Remember Laserdisc? A few of us old farts do, which should give you an idea of just spectacularly wrong I was. In my defense, there was a scenario in which I could have been right (or at least would have delayed my wrongedness). Before DVD actually hit the shelves, there were actually two incompatible DVD specifications that were both heading for market, once supported by Toshiba and the other by Sony and Philips. One was called “Digital Video Disc” and the other “Digital Versatile Disc.” If this had persisted, and both formats had reached the store shelves, it was entirely possible that DVD could have failed, or at least succeeded somewhat less spectacularly. Instead of being “HDDVD vs. Blu-ray” a decade early, however, the interested parties worked out their differences. The letters “DVD” now officially stood for nothing at all, but the discs entered our homes and hearts as a single, unified, monolithic, VHS-and-Laserdisc-crushing video format and relegated me to tech prognostication failure and ignominy.
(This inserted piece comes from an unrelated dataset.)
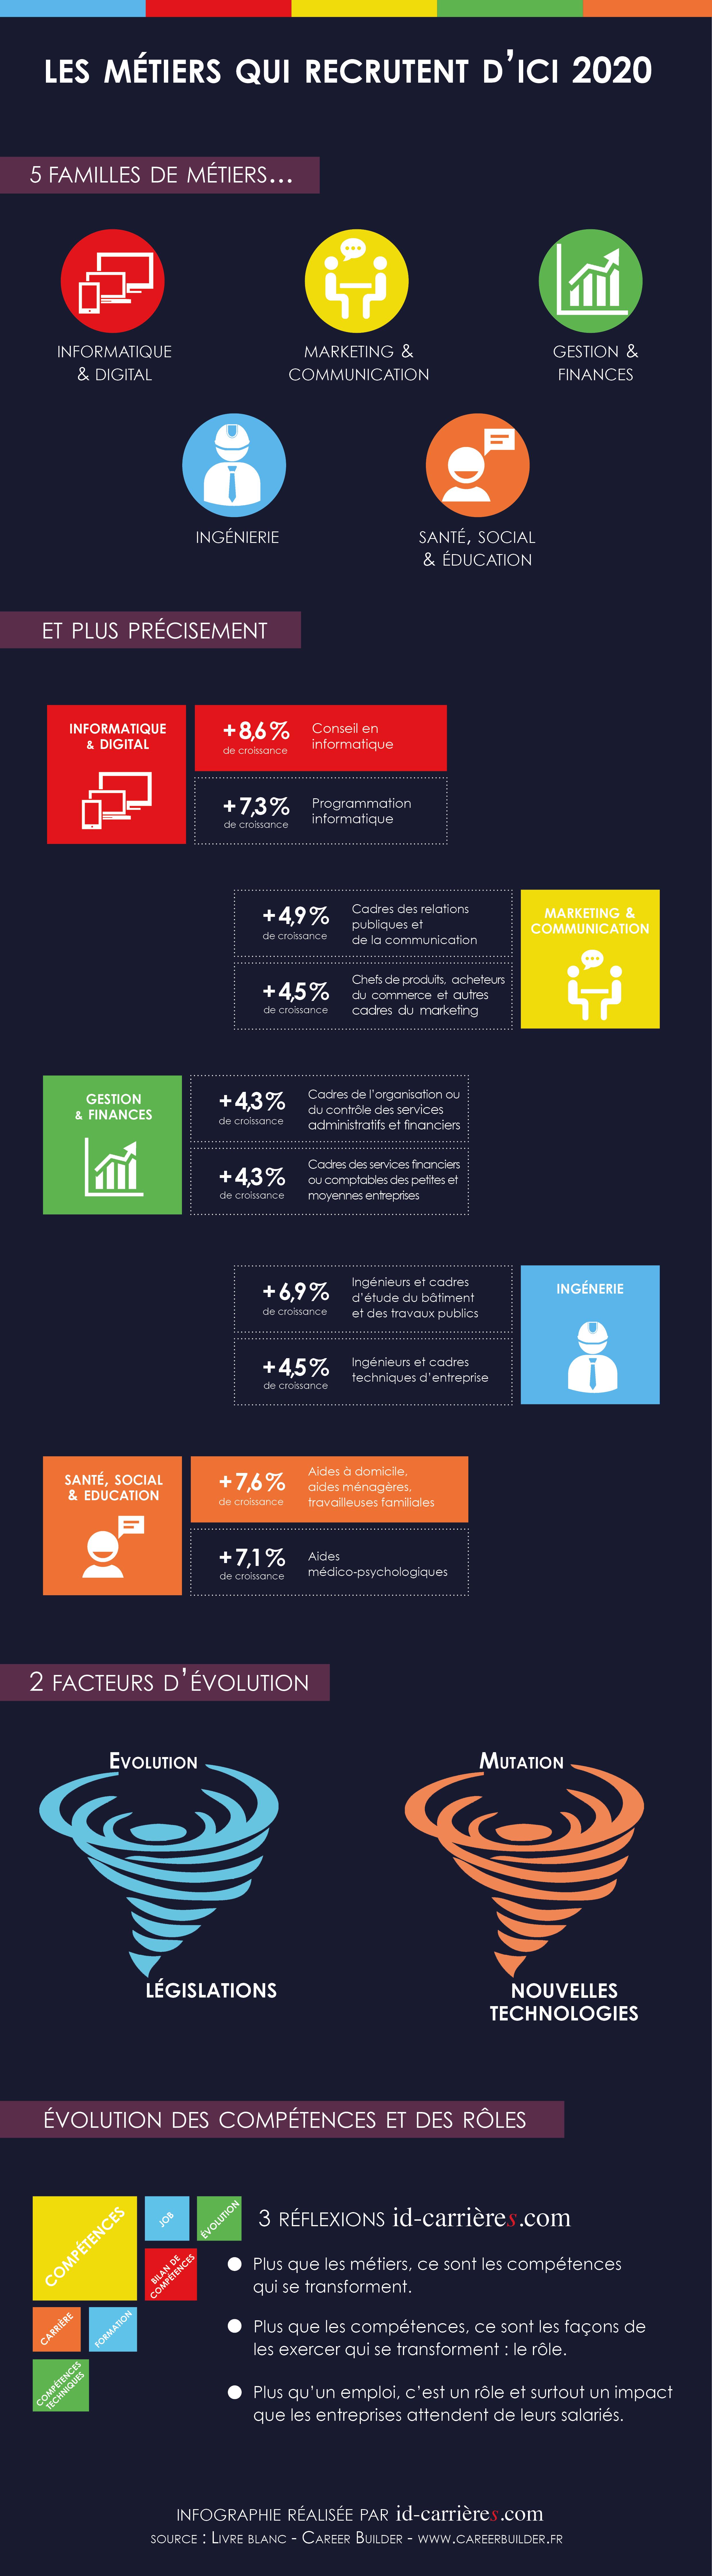 Les métiers qui recrutent #Infographie

At least no one was paying attention back then.

And since that debacle, my track record has improved. I spotted DIVX early on as the loser it was. This was not DivX, the more recently popular video streaming format, but rather DIVX, Circuit City’s ill-advised, landfill-unfriendly, so-called “competitor” to DVD, launched in 1998. If you’ve forgotten (and how we’ve tried), DIVX discs were cheap but you had pay up every time you wanted to watch one again, which is why you had to keep your player hooked up to a phone line and enter your credit card number. If you didn’t want to watch them again, they were cheap enough to throw away, raising the spectre of our landfills bulging with millions of non-biodegradable plastic discs. Unsurprisingly, the format had crashed and burned before 1999 had called it a year, earning Circuit City a mountain of bad karma that I would like to think circled around the sun and smote the company out of existence when it returned to Earth a decade later.

So we’ve established that I’m not infallible (and I’m sure some of you were stunned to learn that). So why am I still bullish on shiny discs and not sold on what everyone thinks is the wave of the future?

Tangibility

This is another way of saying that when I buy something, I prefer to have something in my hand that I can call mine. That being said, I’m certain that streaming services will ultimately take the place of “renting” a movie. I am dubious about the idea of “buying” the right to watch a movie that may suddenly become unavailable at the studios’ whim or when the company I “bought” it from goes belly-up. Once a Blu-ray disc crossed my threshold, it is mine, all mine, mine own, my precioussss. Um, sorry about that, but I was watching the extended version of The Lord of the Rings over the last couple of nights.

Reliability

No Blu-ray disc or DVD has ever told me that I didn’t have enough bandwidth to watch it at full quality. They’ve never stuttered because the web browser was a memory hog running on a Windows machine trying to do 64 other things in the background. They’ve never stopped playing because my neighbor decided to microwave some noodles.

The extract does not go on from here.